Table 5. The HTER of different methods for the cross testing between the CASIA-MFSD and the Replay-Attack databases. We mark the top-2 performances in bold.

4.4 Qualitative Experiments

Spoof Medium Classification. The estimated spoof noise pattern of the test images can be used for clustering them into different groups and each group represents one spoof medium. To visualize the results, we use t-SNE [52] for dimension reduction. The t-SNE projects the noise \(\mathbf {N} \in \mathbb {R}^{256 \times 256 \times 6}\) to 2 dimensions by best preserving the KL divergence distance. Figure 4 shows the distributions of the testing videos on Oulu-NPU Protocol 1. The left image shows that the noise of live is well-clustered, and the noise of spoof is subject dependent, which is consistent with our noise assumption. To obtain a better visualization, we utilize the high pass filter to extract the high-frequency information of noise pattern for dimension reduction. The right image shows that the high frequency part has more subject independent information about the spoof type and can be utilized for classification of the spoof medium.

To further show the discriminative power of the estimated spoof noise, we divide the testing set of Protocol 1 to training and testing parts and train an SVM classifier for spoof medium classification. We train two models, a three-class classifier (live, print and display) and a five-class classifier (live, print1, print2, display1 and display2), and they achieve the classification accuracy of \(82.0\%\) and \(54.3\%\) respectively, shown in Table 6. Most classification errors of the five-class model are within the same spoof medium. This result is noteworthy given that no label of spoof medium type is provided during the learning of the spoof noise model. Yet the estimated noise actually carries appreciable information regarding the medium type; hence we can observe reasonable results of spoof medium classification. This demonstrates that the estimated noise contains spoof medium information and indeed we are moving toward estimating the faithful spoof noise residing in each spoof image. In the future, if the performance of spoof medium classification improves, this could bring new impact to applications such as forensic.

Fig. 4.
figure 4

The 2D visualization of the estimated spoof noise for test videos on Oulu-NPU Protocol 1. Left: the estimated noise, Right: the high-frequency band of the estimated noise, Color code used: black=live, green=printer1, blue=printer2, magenta=display1, red=display2. (Color figure online)

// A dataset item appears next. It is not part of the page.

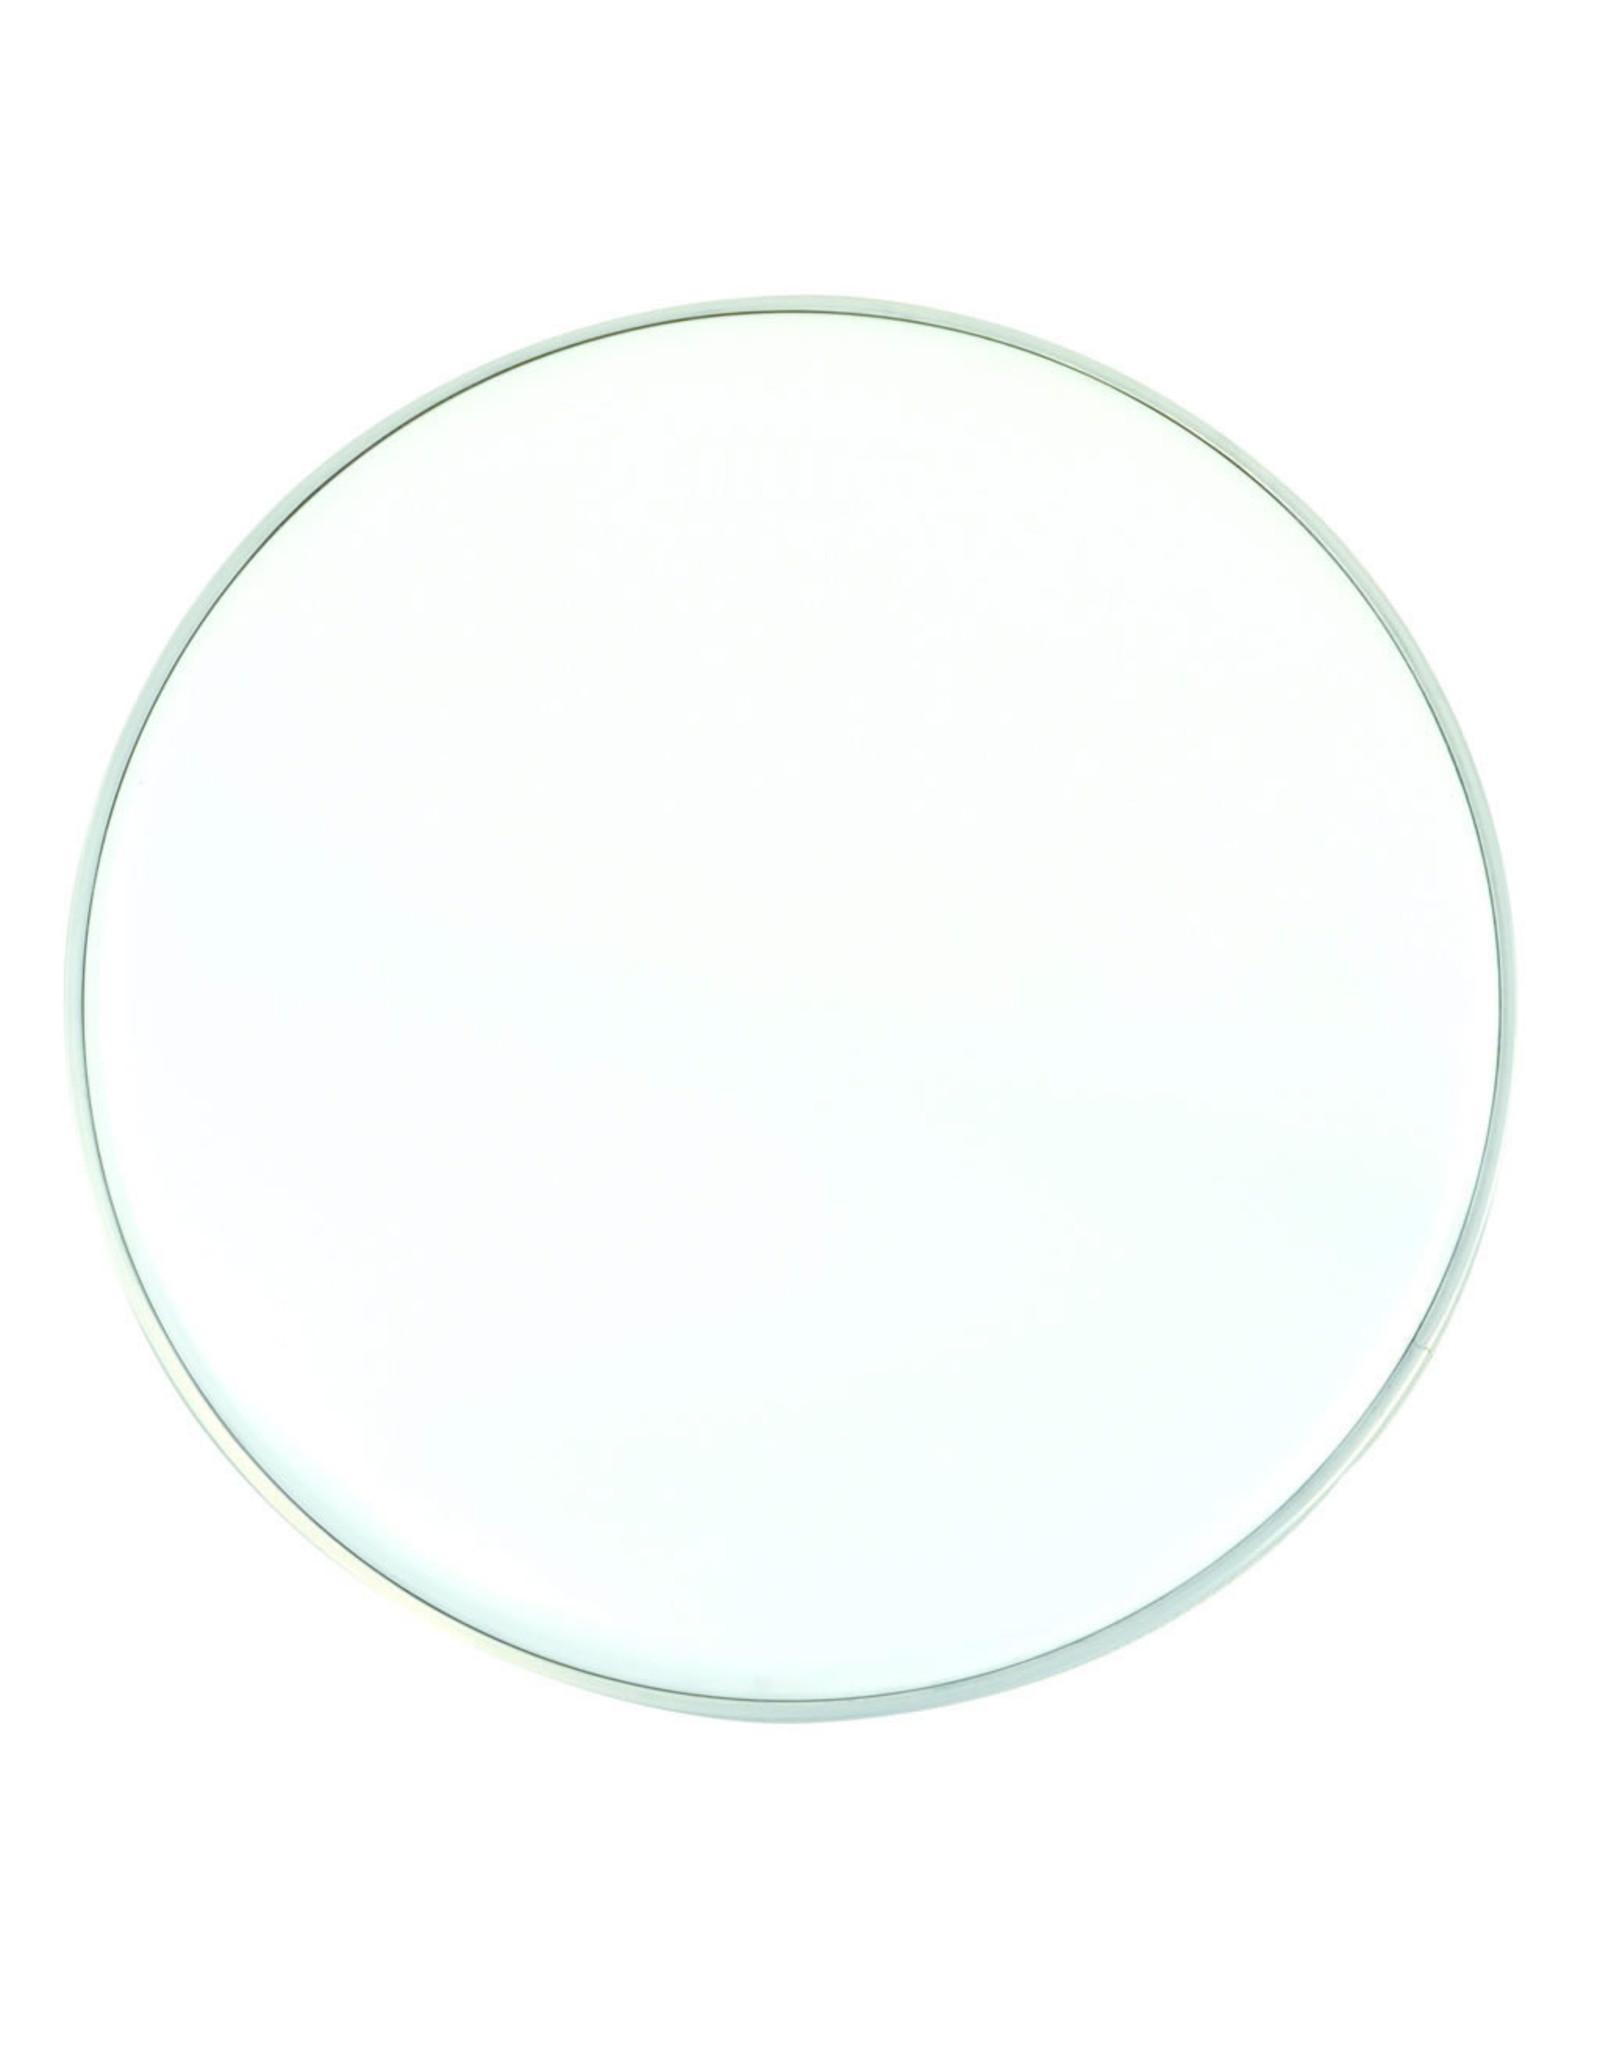 Ramm® Drumhead 13 Inch | Transparent | Resonance

Table 6. The confusion matrices of spoof mediums classification based on spoof noise pattern.
Fig. 5.
figure 5

The visualization of input images, estimated spoof noises and estimated live images for test videos of Protocol 1 of Oulu-NPU database. The first four columns in the first row are paper attacks and the second four are the replay attacks. For a better visualization, we magnify the noise by 5 times and add the value with 128, to show both positive and negative noise.

Fig. 6.
figure 6

The failure cases for converting the spoof images to the live ones.

Successful and Failure Cases. We show several success and failure cases in Figs. 5 and 6. Figure 5 shows that the estimated spoof noises are similar within each medium but different from the other mediums. We suspect that the yellowish color in the first four columns is due to the stronger color distortion in the paper attack. The fifth row shows that the estimated noise for the live images is nearly zero. For the failure cases, we only have a few false positive cases. The failures are due to undesired noise estimation which will motivate us for further research.

5 Conclusions

This paper introduces a new perspective for solving the face anti-spoofing by inversely decomposing a spoof face into the live face and the spoof noise pattern. A novel CNN architecture with multiple appropriate supervisions is proposed. We design loss functions to encourage the pattern of the spoof images to be ubiquitous and repetitive, while the noise of the live images should be zero. We visualize the spoof noise pattern which can help to have a deeper understanding of the added noise by each spoof medium. We evaluate the proposed method on multiple widely-used face anti-spoofing databases.